RPが適切なCPで発行された認証トークンだけを扱えるようにするために、STSでは信頼関係という設定を行います。信頼関係はSTSどうしで設定するもので、信頼関係を設定することで、決められたCPとRPの組み合わせで認証と認可を行うように定義できます。
クレーム ベース認証を行う際、利用可能な認証先が複数存在する場合、ユーザーはどこで認証を行うか選択することができると解説しました。このとき、利用可能な認証先の単位を「レルム (Realm)」と呼びます。複数のレルムの中から認証先をユーザーが選択すると、選ばれたレルムは CP として ID 連携の中で動作するようになります。
Active Directory ベースの認証と承認の仕組みを利用すると、承認の仕組みはアプリケーションの中で実装されます。アプリケーションの中で、誰にどのようなアクセス (権限) を割り当てるかを定義していたため、具体的な設定はアプリケーションによってまちまちでした。
一方、クレーム ベース認証 (ID 連携) を使ってアクセス制御 (認可) を行う場合、ADFS サーバーで認可トークンを発行するタイミングで行います。そのため、アプリケーションは認可のための仕組みを一切持つ必要がありません。
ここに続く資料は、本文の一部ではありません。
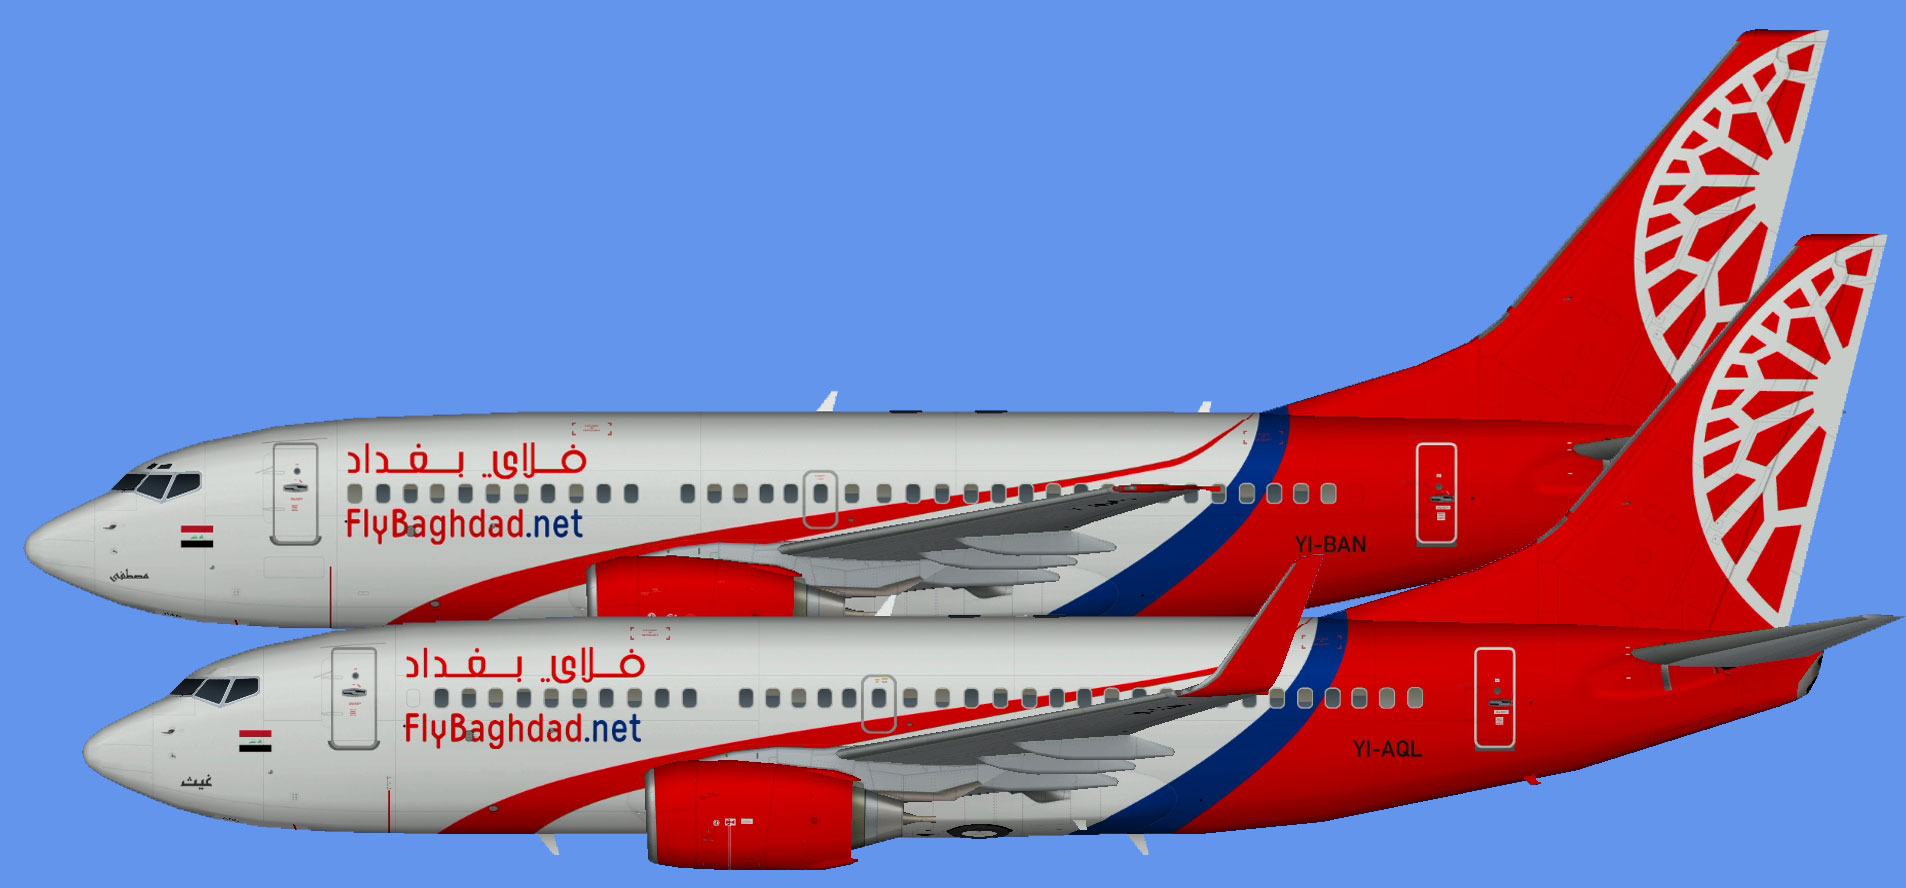 Fly Baghdad Boeing 737-700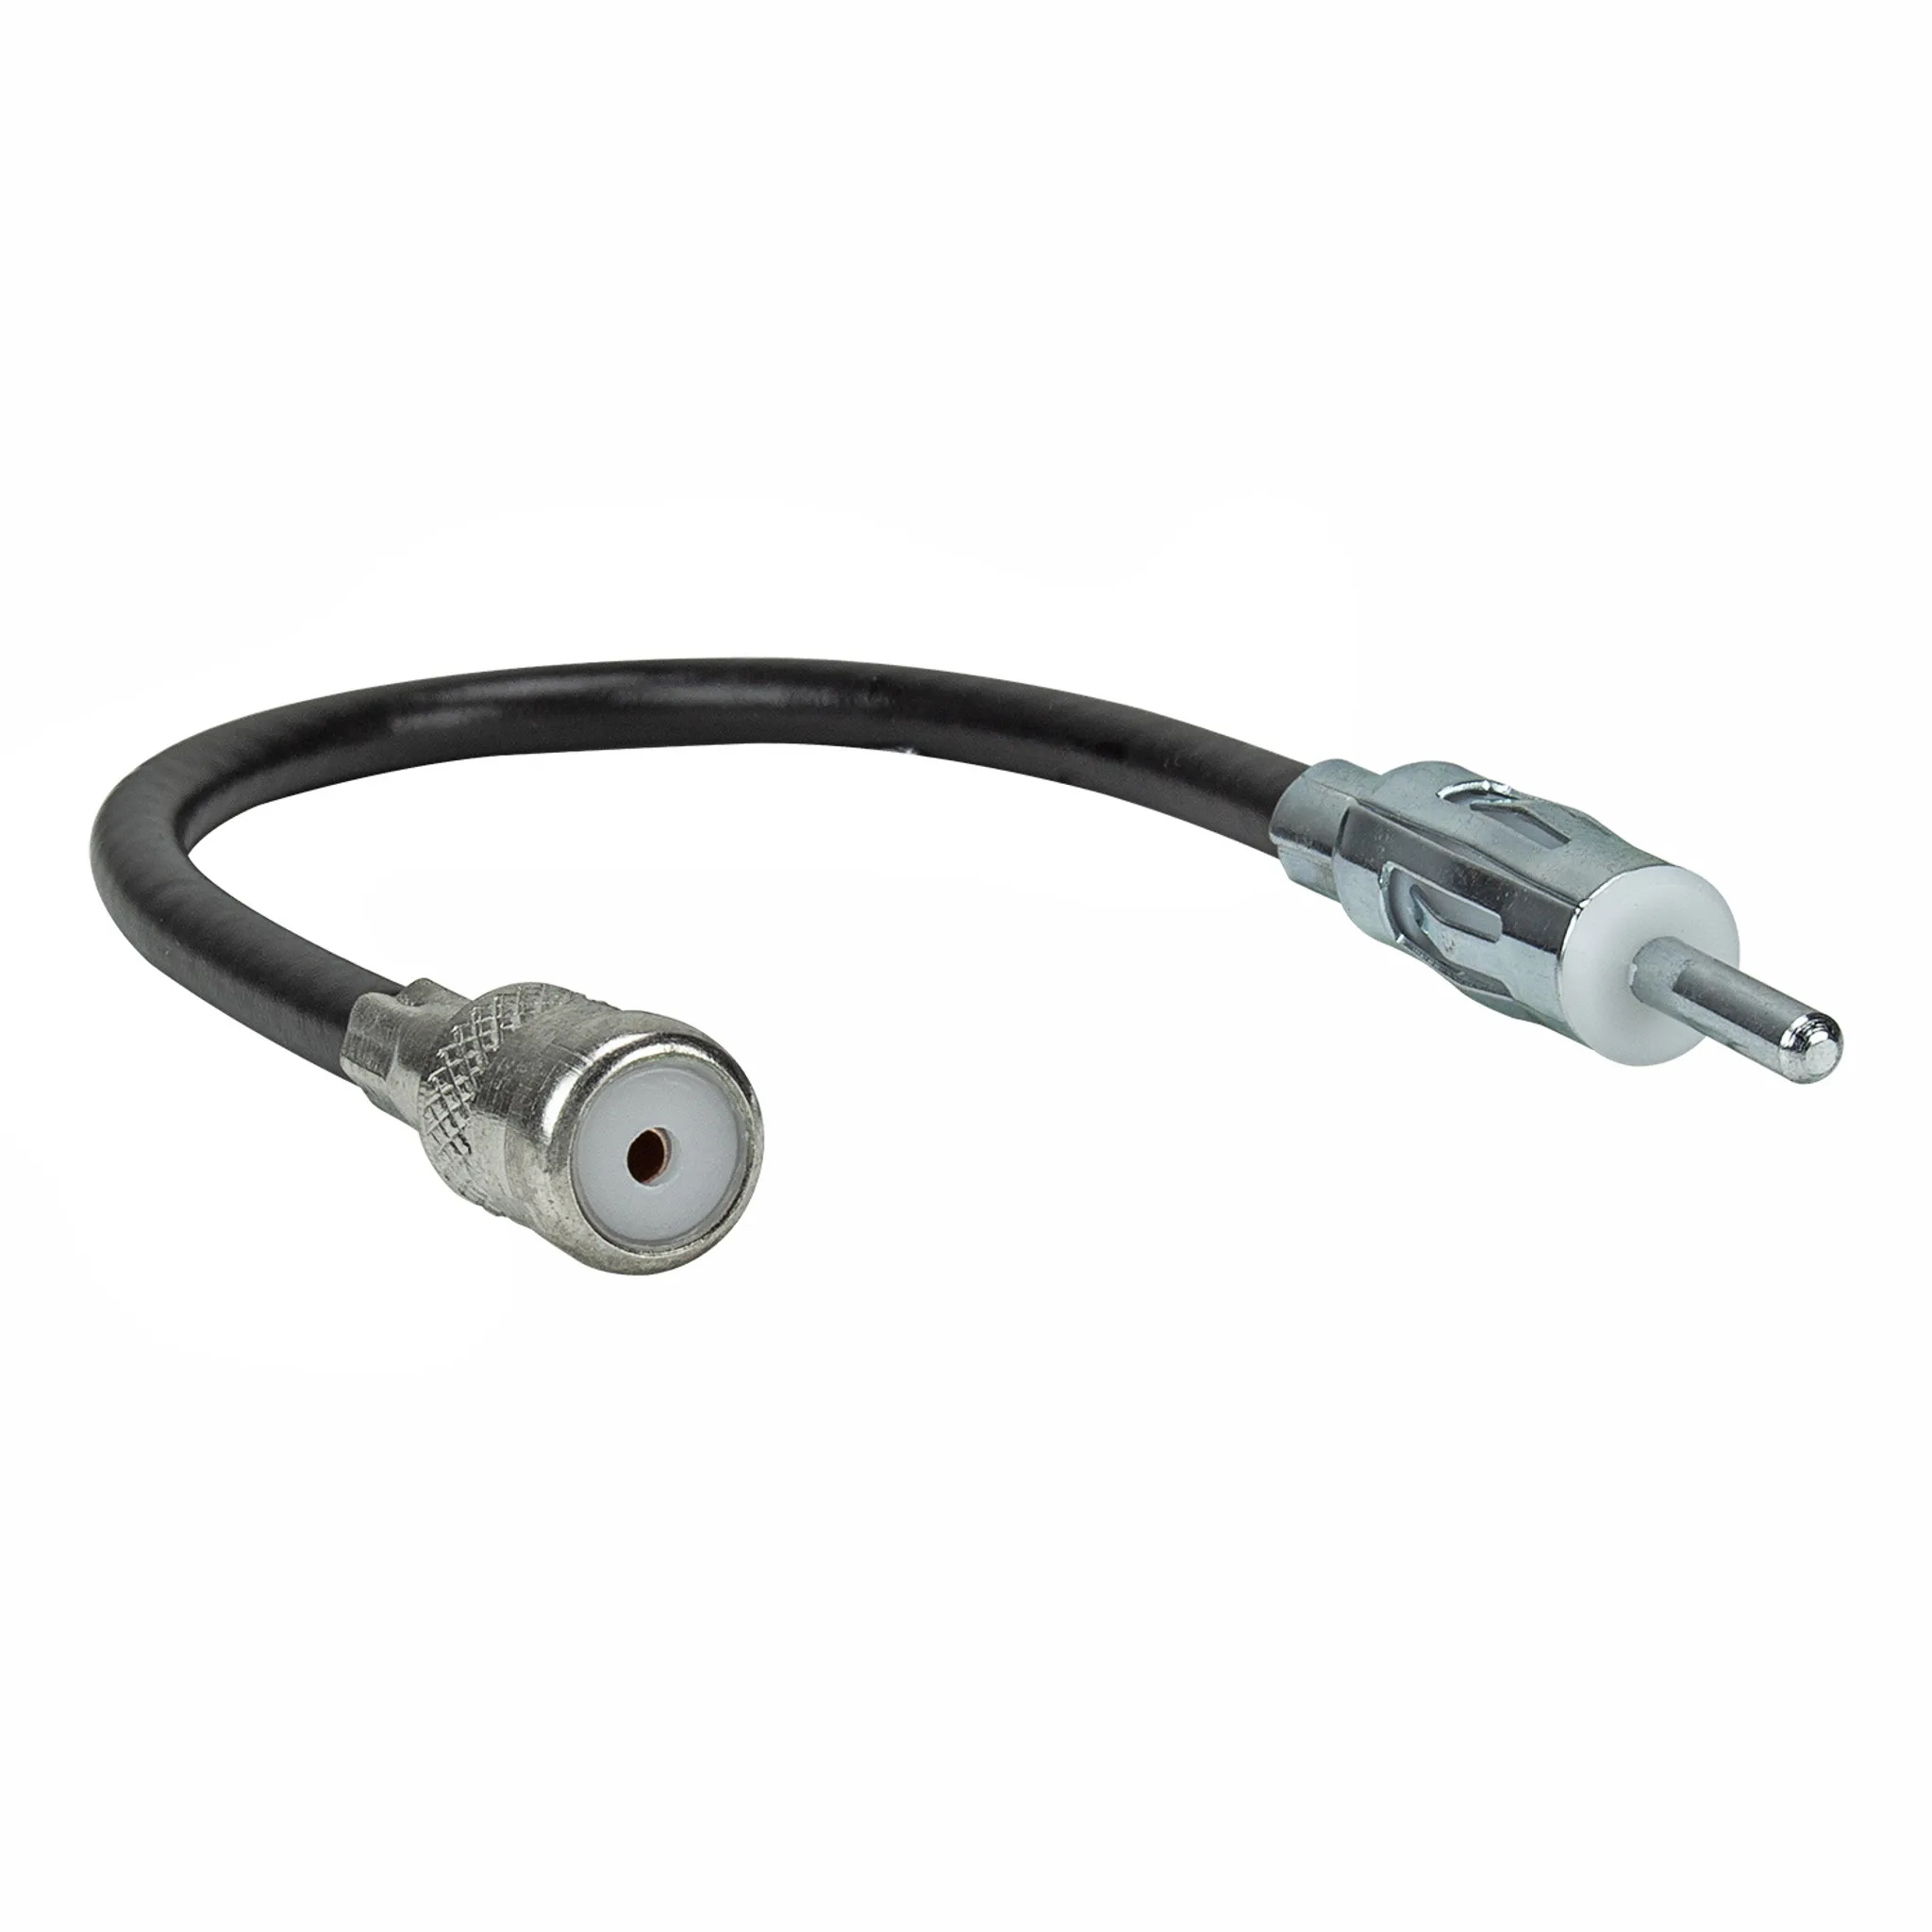 Kfz Adapter Stecker für Auto Radio Antennenadapter DIN ISO Buchse Stecker  4016260083000

つまり、アプリケーションと認可機能は独立して実装できます。
クレーム ベース認証を利用するアプリケーションは、認可を行わない代わりに、認可トークンを受信し、解釈できなければなりません。マイクロソフトでは Windows Identity Foundation (WIF) というコンポーネントを提供し、トークンの解釈とトークン内のクレームの識別を実現しています。WIF は ASP.NET または WCF アプリケーションと共に利用することができます。
WIF には実行環境を提供する WIF そのものと、WIF を利用した開発環境を提供する WIF SDK があります。WIF はアプリケーションがクレームを識別できるようにするためだけでなく、ADFS そのものの実行基盤にも活用されます。そのため、アプリケーションを実行するサーバーと、ADFS を実行するサーバーでそれぞれ必要となります。一方、WIF SDK はクレーム対応アプリケーションを開発する環境でインストールして利用します。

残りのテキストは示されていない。